I've made an offline address and only have the key stored on 2 encrypted flash drives stored in different locations with the private key written physically on paper and stored in 2 locations. Do I ever have to worry about my coins? That is, could theyever be lost in software changes or is that as big of a never-going-to-happen as the 21 million limit being lifted? I'm pretty sure I'm not touching that wallet for a long time. Is there any benefit to repeating this process for a more "fresh" address ever or does that not make sense?
I'll go through your question clause by clause:
I've made an offline address
You're doing good.
and only have the key stored on 2 encrypted flash drives stored in different locations
As long as only you know the password and the password is sufficiently strong, this is probably secure.
with the private key written physically on paper and stored in 2 locations.
If either of these two locations are accessible by anyone other than you, then they are vulnerable. If someone else found either paper, and your keys are in plain text, then you could consider them compromised.
Do I ever have to worry about my coins?
That is, could they ever be lost in software changes
Extremely unlikely, as the whole of Bitcoin depends on the safety of balances through upgrades. There are people who have very vested in ensuring that this never happens. Even a bug in the protocol could not erase history in an unrecoverable way, as a single offline client copied online or bootstrap.dat would refresh anyone affected.
or is that as big of a never-going-to-happen as the 21 million limit being lifted?
I'm pretty sure I'm not touching that wallet for a long time. Is there any benefit to repeating this process for a more "fresh" address ever or does that not make sense?
Theoretically, you would never need to regenerate keys unless some kind of vulnerability was found in the software that generated your key, ala the Android random number generator flaw.

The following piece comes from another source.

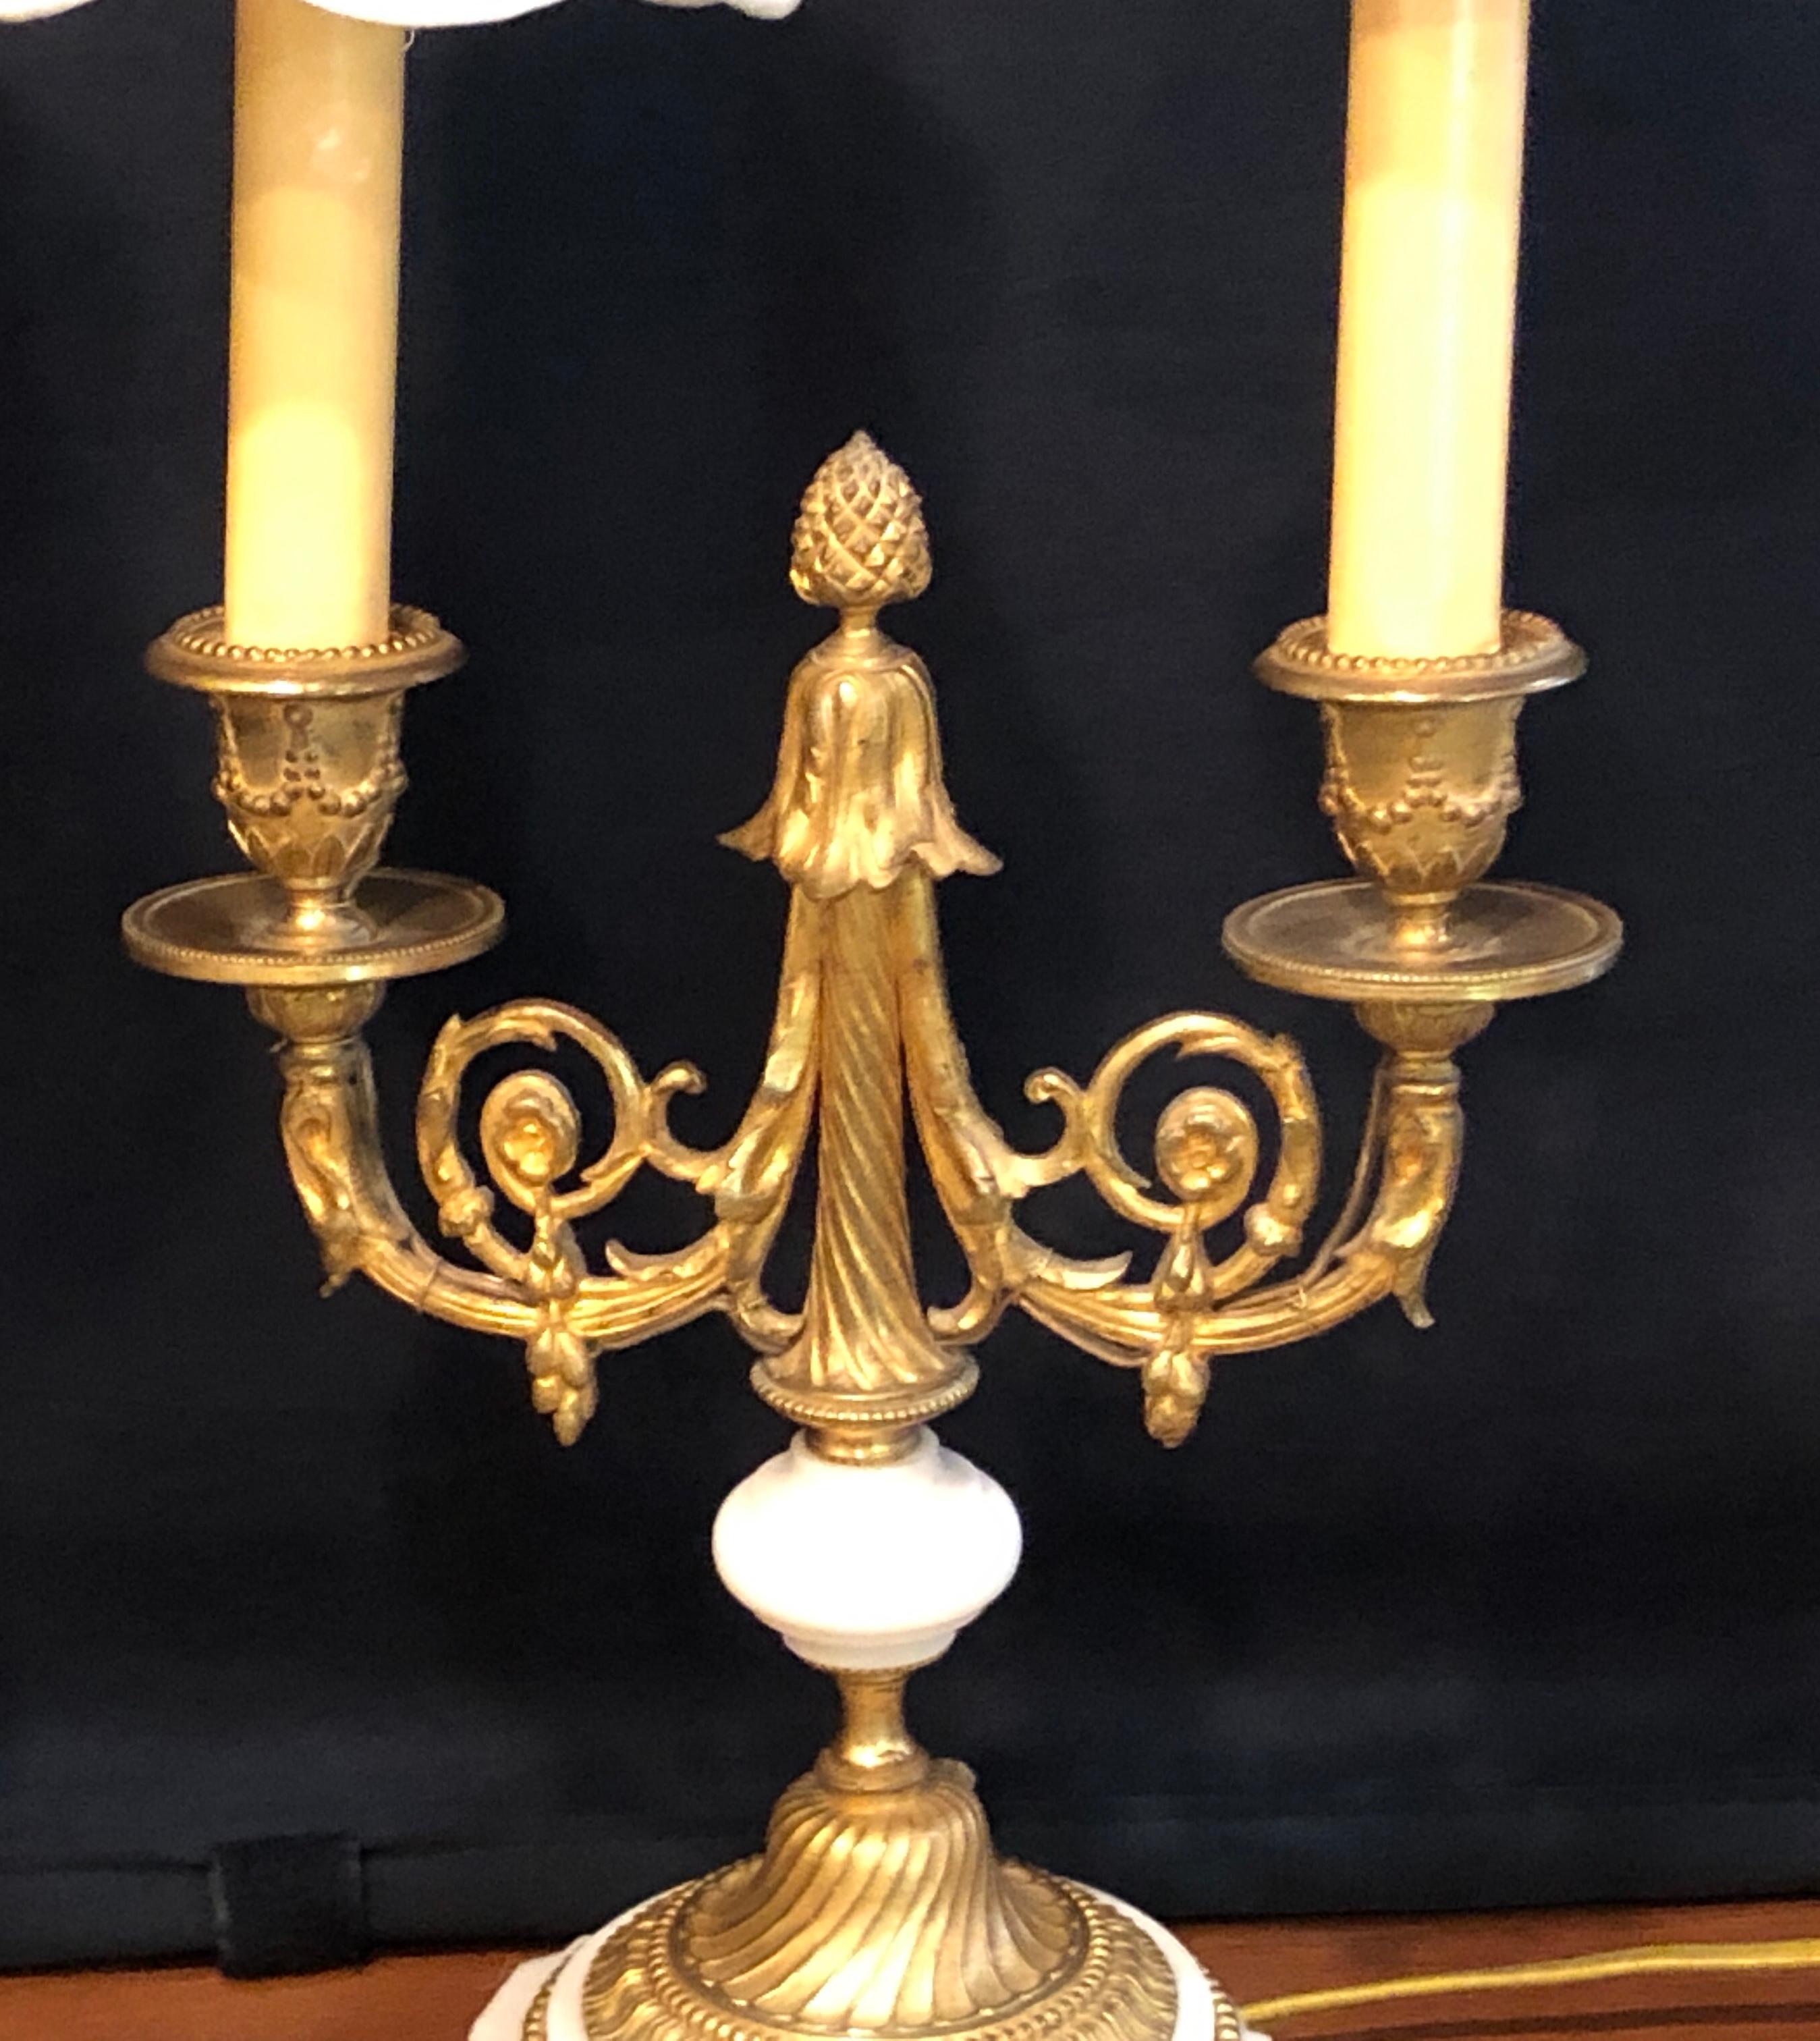 Zwei französische Kandelaber oder Tischlampen im Stil Louis XVI aus Doré-Bronze und Marmor. Diese feinen Tischlampen aus dem 19. und frühen 20. Jahrhundert sind einfach atemberaubend, mit den feinsten Doré-Bronzegüssen, die man sich wünschen kann.

An unlikely occurrence would be some kind of change to the way private keys are imported, and your private key generated in 2013 cannot be securely converted to whatever format is expected in 2063, or whenever. I wouldn't get too paranoid about this.
They could be lost in a few rare scenarios. For example:
- If substantial weaknesses are found in Bitcoin's crypto, or if quantum computing becomes usable on a large scale, your coins could be stolen. Most likely, the crypto will simply be weakened and attacks will still be very slow, so you'll have some time to send your coins to new addresses that use improved crypto.
- When you go to redeem your coins, your CPU may err in a way that causes Bitcoin to send your coins into oblivion. There are no known cases of this actually happening, but CPUs are not perfect, and it is possible.
- If Bitcoin develops critical scalability problems, and nothing else solves it, one "nuclear option" for improving things would be to require everyone to "renew" their coins every few months (or whatever). Old coins that that aren't renewed would be destroyed. If this policy is implemented, you will have to follow it. You'd have plenty of warning if something like this was approaching.
To protect yourself against these things and other possibilities, you should:
- Not store too much in any one address.
- Not send huge amounts at once.
- Never send from any high-value address more than once. The best way to do this is to only pay to an address once.
- Make sure that you're able to access your wallet with only a few days of notice.
There isn't any value in moving coins before you need to.
Sounds to me like you are taking good care of your Bitcoins, so you should be able to sleep easy at night.
Of course, there is always a risk that your account could be hacked through a scam.
Bitcoin is the realm of technophiles, so always be careful when conducting transactions. The sad truth is that there are some scammers out there looking to hack into accounts. And as they are often very bright, there is always a risk that you could be tricked.